Démarchage téléphonique : que va-t-il se passer avec l’arrêt de Bloctel le 11 août 2026 ?

Dans un mail ayant pour objet « Évolution du cadre légal du démarchage téléphonique au 11 août 2026 », Bloctel, le service gouvernemental contre le démarchage téléphonique, communique à ses utilisateurs sa date de sa fermeture. Voilà ce qu'il faut savoir pour ne plus être embêtés par les démarcheur…
Résumé
Fin de Bloctel prévue
Le service Bloctel, qui permet aux particuliers de s’inscrire gratuitement sur une liste d’opposition au démarchage téléphonique, cessera définitivement ses activités le 11 août 2026.
Ce dispositif, mis en place en 2016, avait pour objectif de réduire les appels indésirables en bloquant les numéros des entreprises ne respectant pas la réglementation.
Les utilisateurs actuels de Bloctel ne pourront donc plus se protéger via cette plateforme à partir de cette date.
Bloctel était géré par l’ARCEP (Autorité de régulation des communications électroniques, des postes et de la distribution de la presse), un organisme public indépendant en France.
Remplacement par le RGPD
À partir du 11 août 2026, le consentement explicite des consommateurs deviendra la seule base légale pour les entreprises souhaitant les contacter par téléphone.
Le Règlement général sur la protection des données (RGPD), en vigueur depuis 2018, impose déjà cette règle en Europe.
Contrairement à Bloctel, qui bloquait les appels de manière passive, le RGPD place la responsabilité sur les entreprises : elles devront prouver avoir obtenu un accord clair et préalable des consommateurs avant de les démarcher.

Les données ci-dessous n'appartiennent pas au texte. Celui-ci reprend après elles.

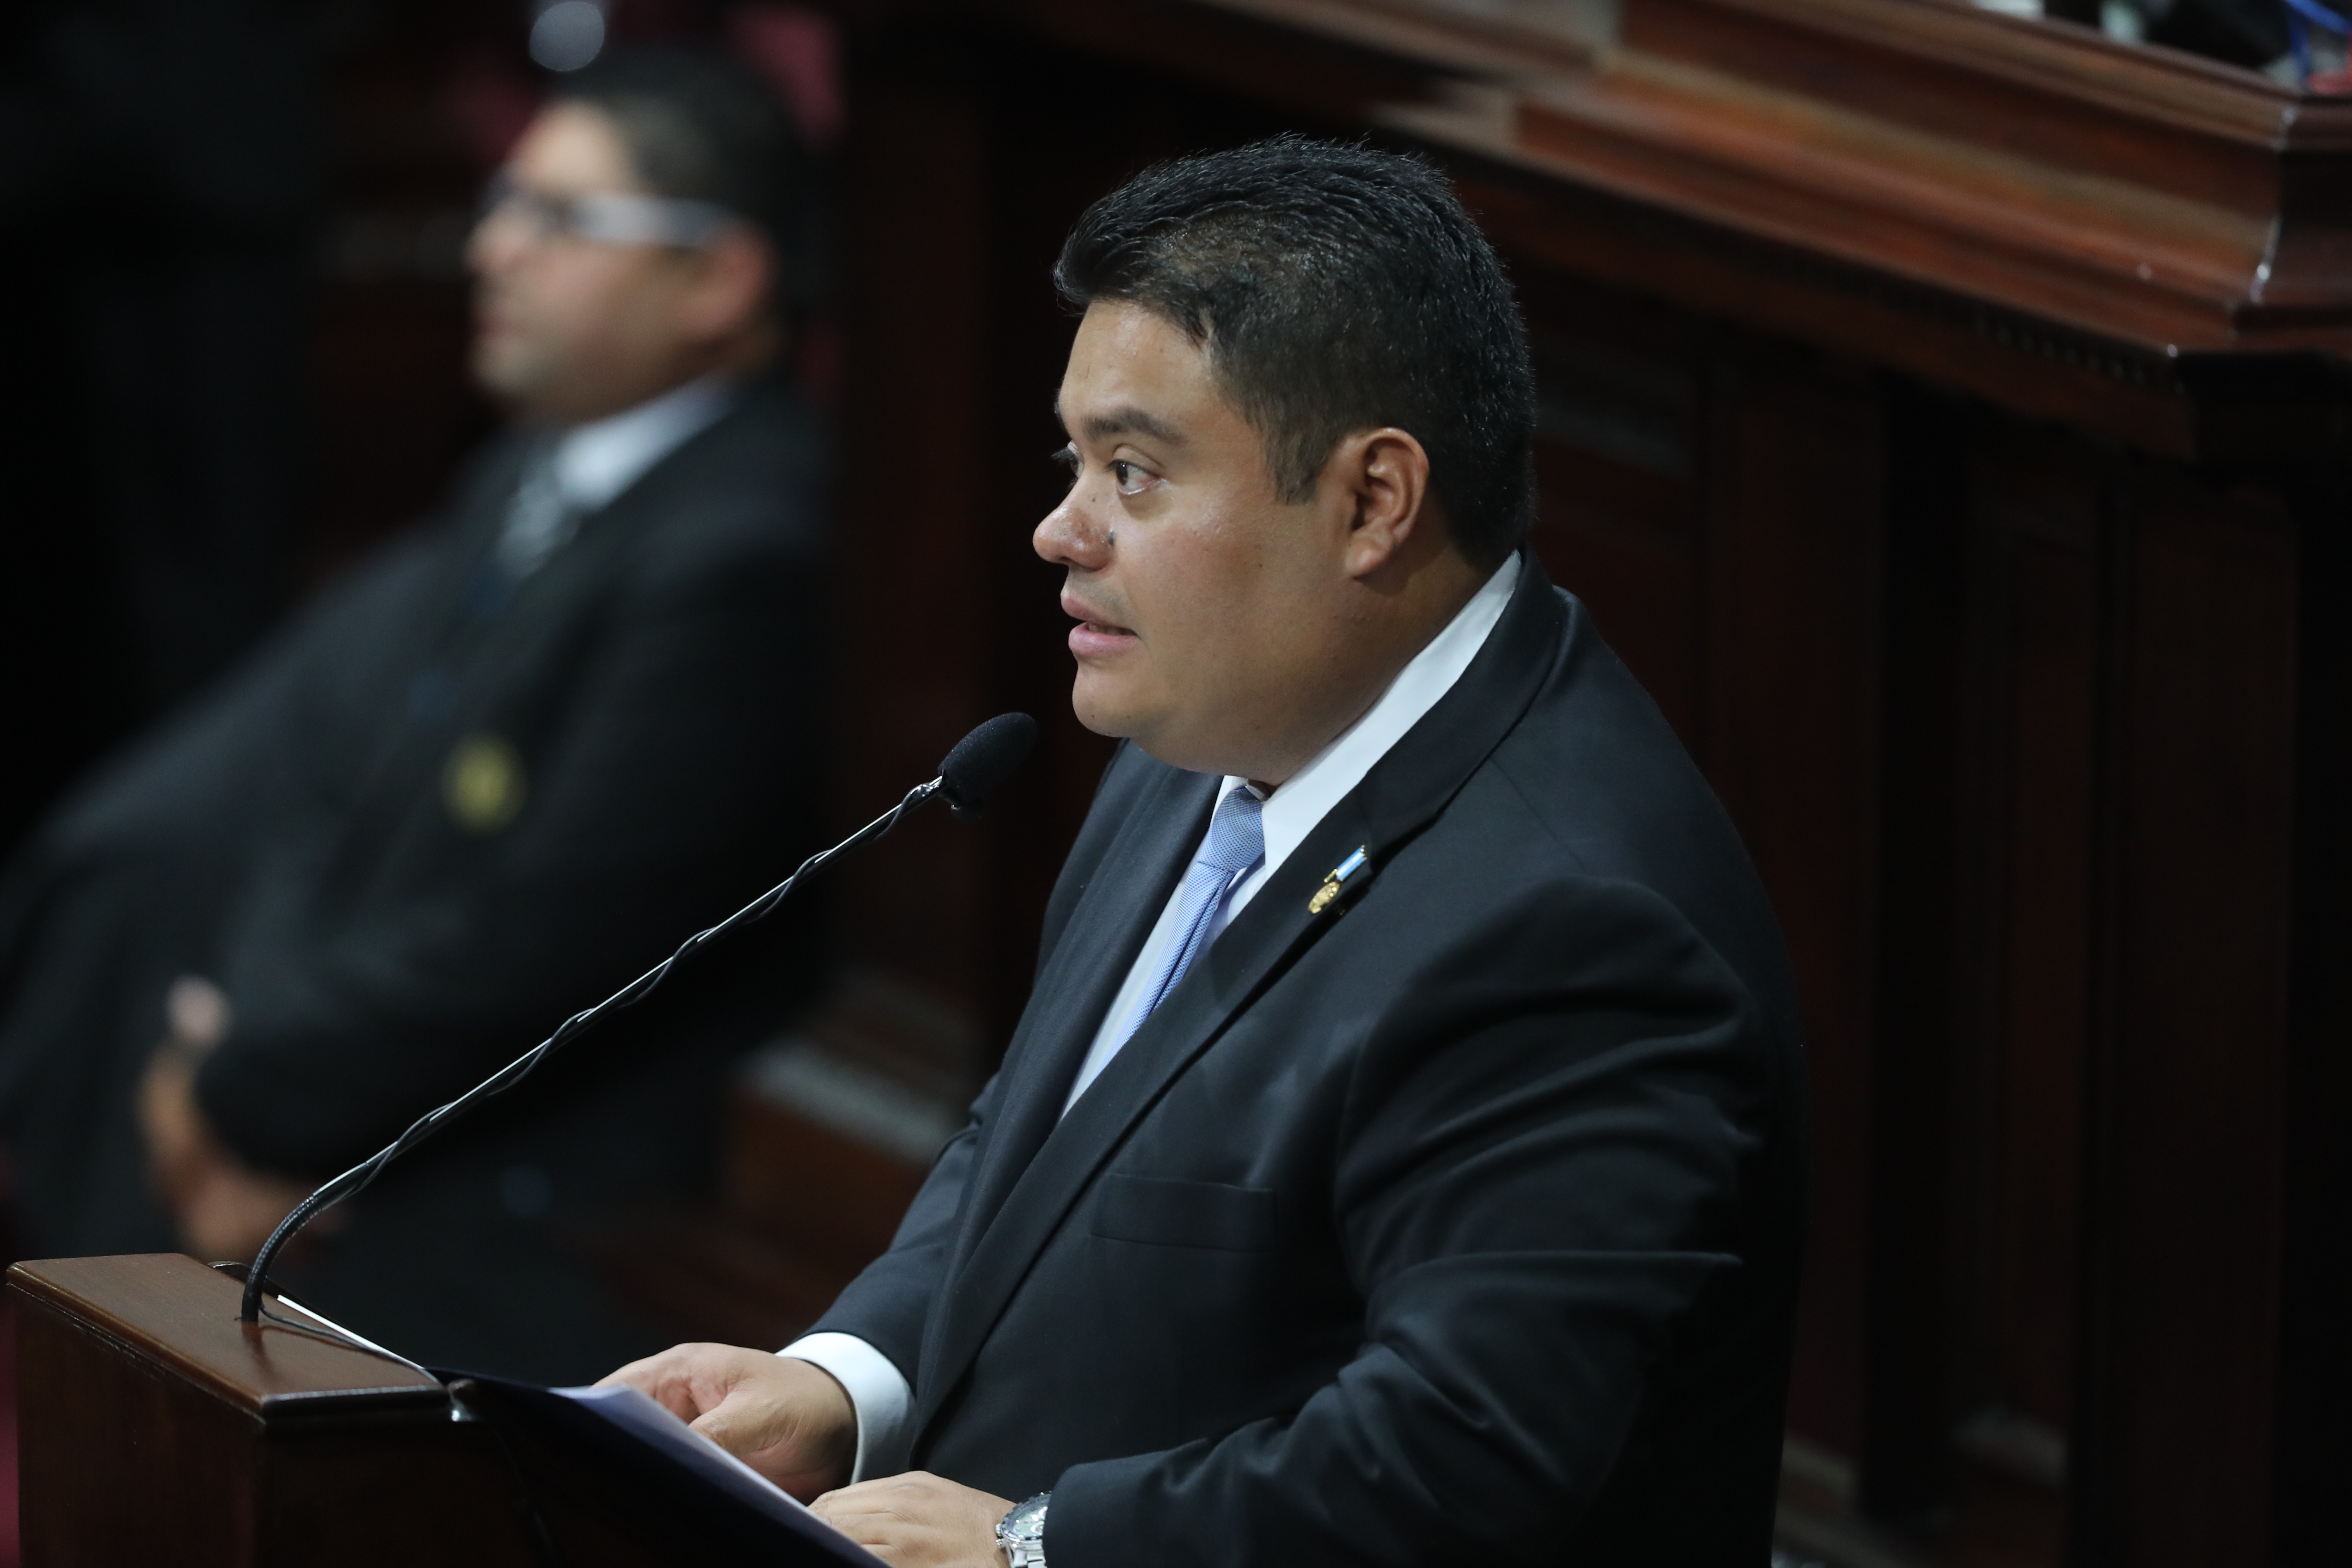 El diputado Allan Estuardo Rodríguez Reyes asume como presidente del Congreso de la República para el período 2020-2021. (Foto Prensa Libre: Érick Ávila)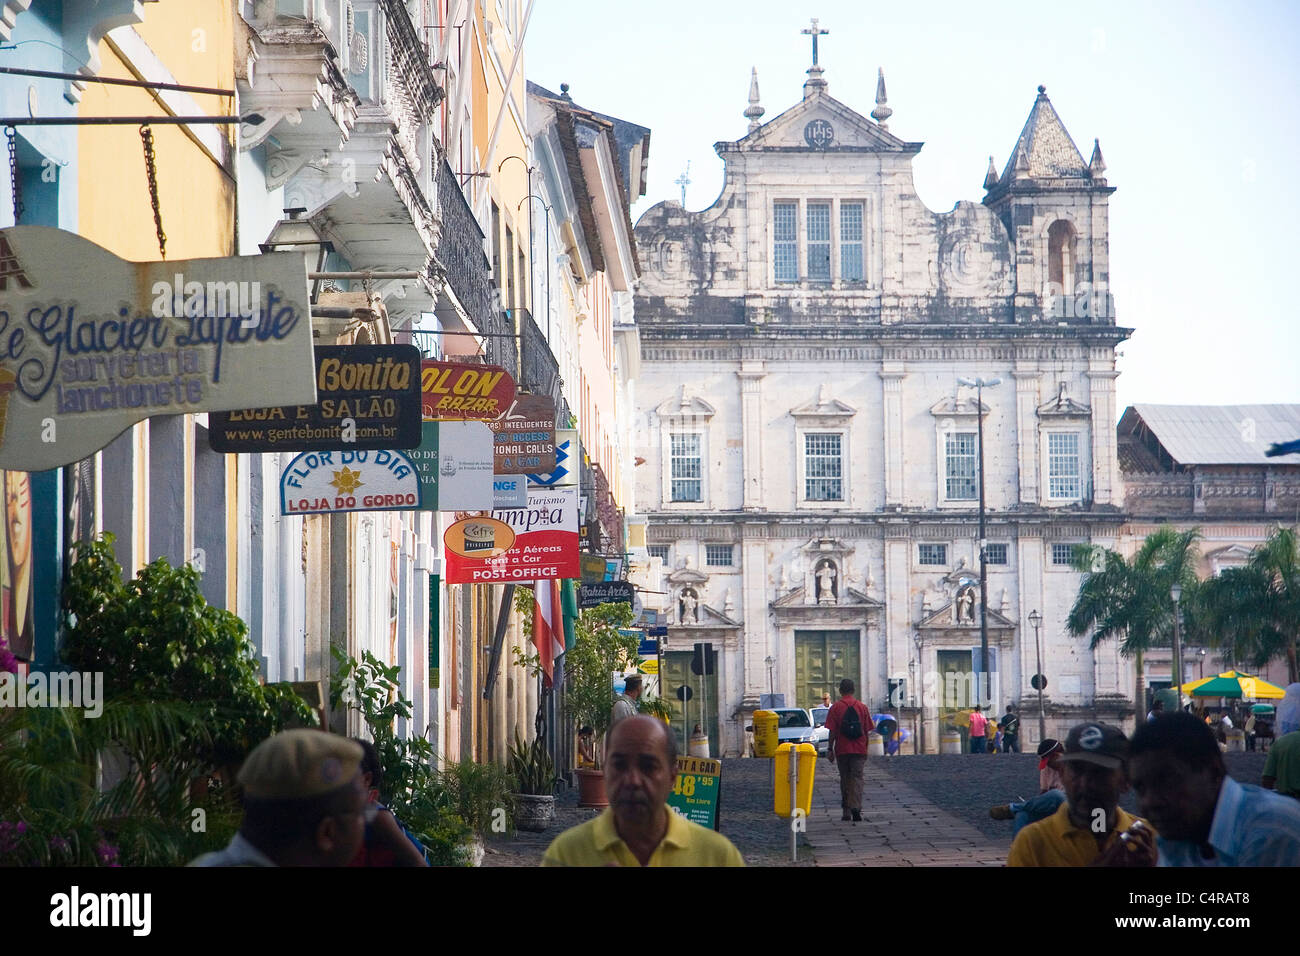 Pelhourino, the old city center of Salvador, Brazil Stock Photo

Les entreprises qui ne respecteront pas cette obligation s’exposeront à des sanctions pouvant aller jusqu’à 4 % de leur chiffre d’affaires mondial ou 20 millions d’euros, selon le montant le plus élevé.
Conséquences pour les usagers
Les particuliers ne pourront plus s’inscrire sur Bloctel pour bloquer les appels, mais ils conserveront leurs droits existants via le RGPD.
Ils pourront toujours signaler les appels indésirables ou les entreprises ne respectant pas les règles auprès de la CNIL (Commission nationale de l’informatique et des libertés), l’autorité française chargée de faire appliquer le RGPD.
En cas de démarchage non sollicité, les consommateurs pourront demander à l’entreprise de cesser les sollicitations et, si nécessaire, engager des poursuites.
Cependant, cette transition pourrait entraîner une augmentation temporaire des appels indésirables, le temps que les entreprises s’adaptent aux nouvelles règles.
Rôle des opérateurs télécoms
Les opérateurs de téléphonie mobile et fixe en France, comme Orange, SFR, Bouygues Telecom ou Free, ne joueront plus un rôle actif dans le blocage des appels après la fin de Bloctel.
Leur intervention se limitera à informer leurs clients sur les alternatives disponibles, notamment l’utilisation des fonctionnalités de blocage intégrées aux smartphones ou les applications tierces.
Certains opérateurs pourraient proposer des services payants pour filtrer les appels suspects, mais cela ne sera pas obligatoire.
Les utilisateurs devront donc se tourner vers des solutions individuelles pour se protéger.
Sanctions et contrôles renforcés
La fin de Bloctel s’accompagne d’un renforcement des contrôles par la CNIL et l’ARCEP pour vérifier le respect du RGPD par les entreprises.
En 2025, la CNIL a déjà infligé une amende de 250 000 euros à une société pour démarchage téléphonique illégal.
Les sanctions pourront désormais être plus fréquentes et plus lourdes, notamment grâce à une meilleure coordination entre les autorités.
Les entreprises seront tenues de tenir un registre des consentements obtenus, sous peine de sanctions.
Cette mesure vise à dissuader les pratiques abusives et à protéger davantage les consommateurs.